Sanofi is a healthcare company, which is engaged in the discovery, development, manufacturing and marketing of a wide range of medicines and vaccines. Its portfolio includes medicines for the treatment of cancer, diabetes, rare diseases, multiple sclerosis and cardiovascular diseases; human vaccines for protection against various bacterial and viral diseases; and other products. The company also offers consumer healthcare products for digestion; allergy; cough, cold, flu and sinus; pain; women’s health; and vitamins, minerals and supplements. Sanofi‘s R&D efforts focus on advancing a combination drugs to increase the effectiveness of treatments and on advancing the formulation of new biologics to produce precision medicines. It has operations in Europe, the Americas, Asia-Pacific, Africa and the Middle East. Sanofi is headquartered in Paris, France.

Quick View ORIAce-001 LOA Data

Report Segments
  • Innovator
Drug Name
  • ORIAce-001
Administration Pathway
  • Intradermal
  • Intramuscular
Therapeutic Areas
  • Dermatology
Key Developers
  • Sponsor Company: Sanofi
  • Originator: Origimm Biotechnology
Highest Development Stage
  • Phase I

GlobalData, the leading provider of industry intelligence, provided the underlying data, research, and analysis used to produce this article.
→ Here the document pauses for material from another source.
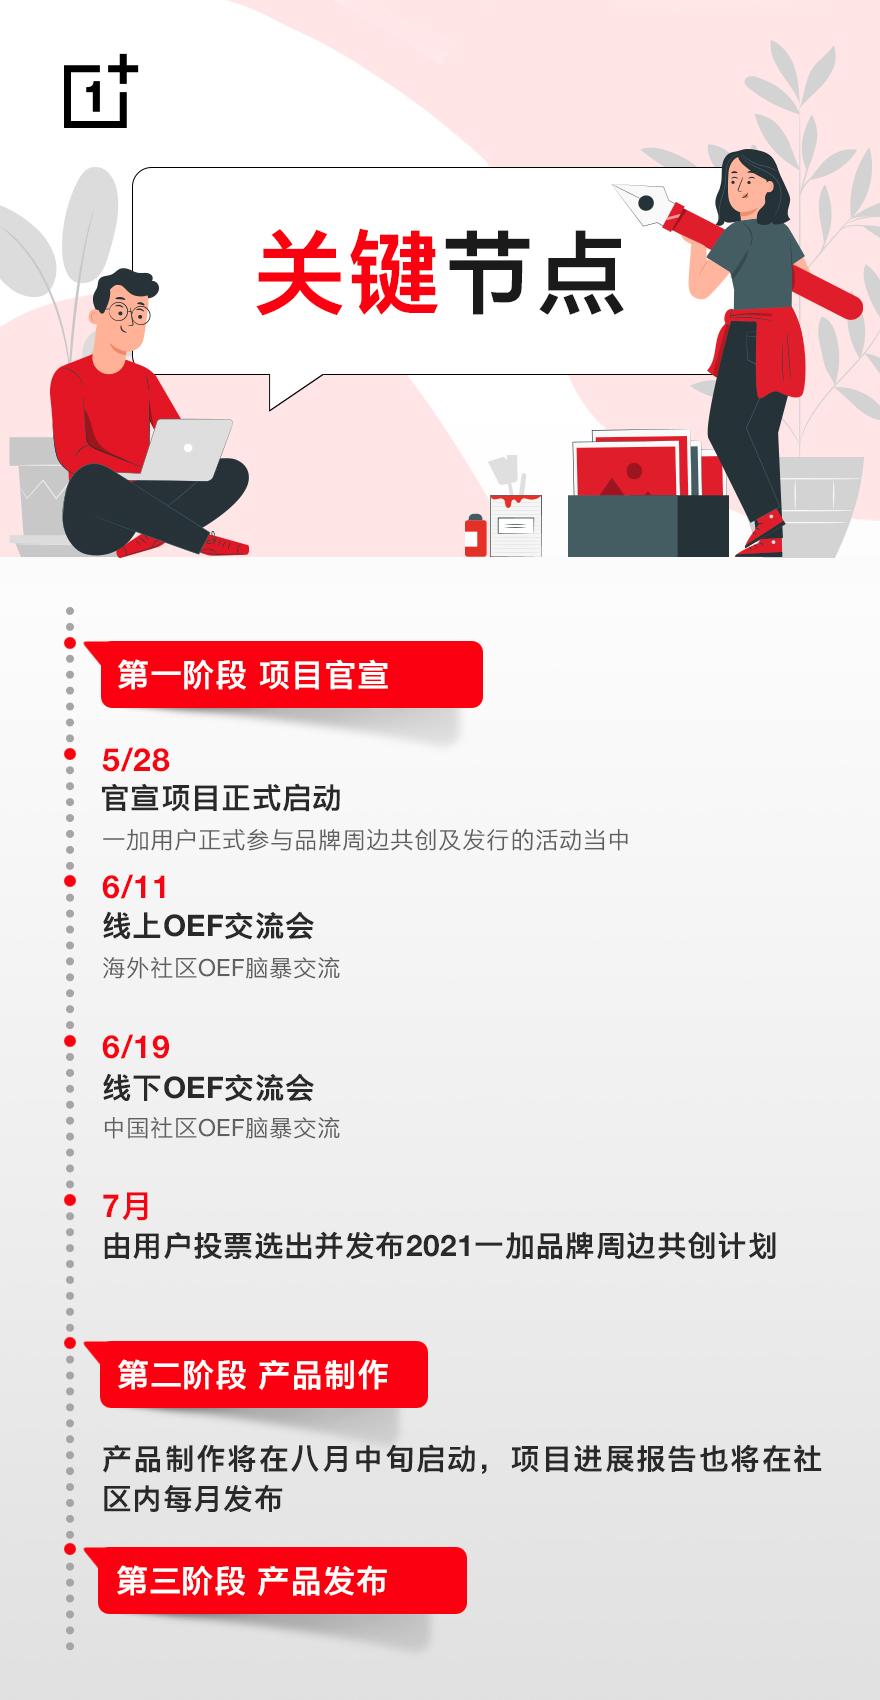 中文长图_时间节点.jpg

GlobalData’s Likelihood of Approval analytics tool dynamically assesses and predicts how likely a drug will move to the next stage in its clinical pathway (PTSR), as well as how likely the drug will be approved (LoA). This is based on a proprietary algorithm built from the drugs’ sales forecast, regulatory milestones, cost forecasts, WACC rate and other proprietary data sources found on GlobalData’s Pharmaceutical Intelligence Center.